New AI Approach in Retinal Diagnostics Targets Inclusivity for Patients with Sight-Stealing Diseases

Diabetic retinopathy is the leading cause of preventable blindness in working-age adults. More than 2 in 5 Americans with diabetes have some stage of diabetic retinopathy, yet there are usually no symptoms in its early stages, when careful monitoring, and sometimes treatments, may be critical. While ophthalmologists can readily diagnose the condition in the clinic by examining the retina, the sheer number of people with diabetes — more than 34 million in the U.S. and rising — makes periodic screening of everyone with diabetes by ophthalmologists prohibitive.

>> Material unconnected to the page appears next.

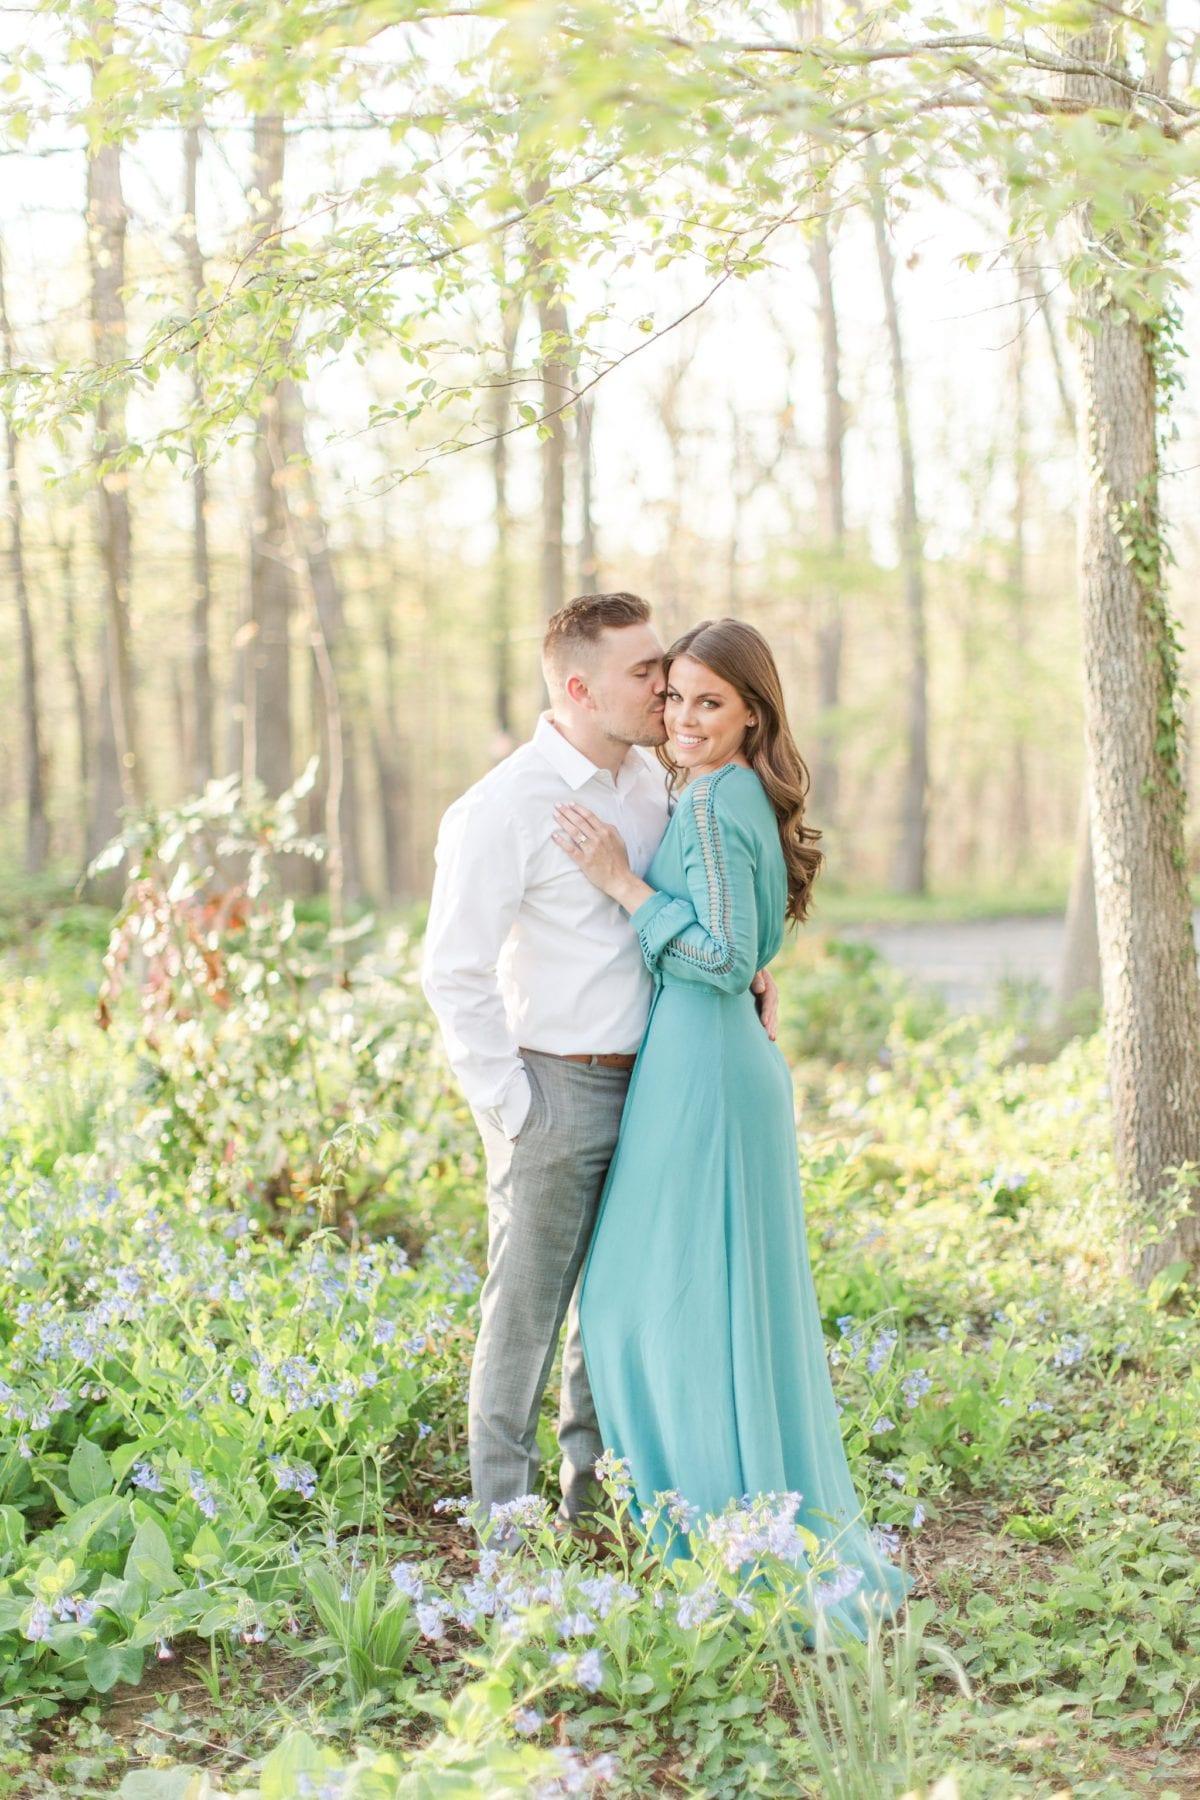 Goodstone Inn Engagement Session Virginia Wedding Photographer Megan Kelsey Photography-168.jpg

Enter artificial intelligence (AI). At its simplest, AI employs algorithms to allow computers to mimic human intelligence — for example, pattern recognition as used by ophthalmologists to recognize whether a patient has diabetic retinopathy. As AI technology has advanced, ever more elaborate programs have allowed corresponding advances in medical diagnostics. In recent years, AI has gained traction as a means of screening for everything from suspicious moles to fractures. In 2017, Neil Bressler, the James P. Gills Professor of Ophthalmology at Wilmer Eye Institute, Johns Hopkins Medicine, published a study in collaboration with AI scientists from the Johns Hopkins University Applied Physics Laboratory demonstrating the ability of a form of AI known as deep learning to accurately detect another sight-stealing disease: age-related macular degeneration.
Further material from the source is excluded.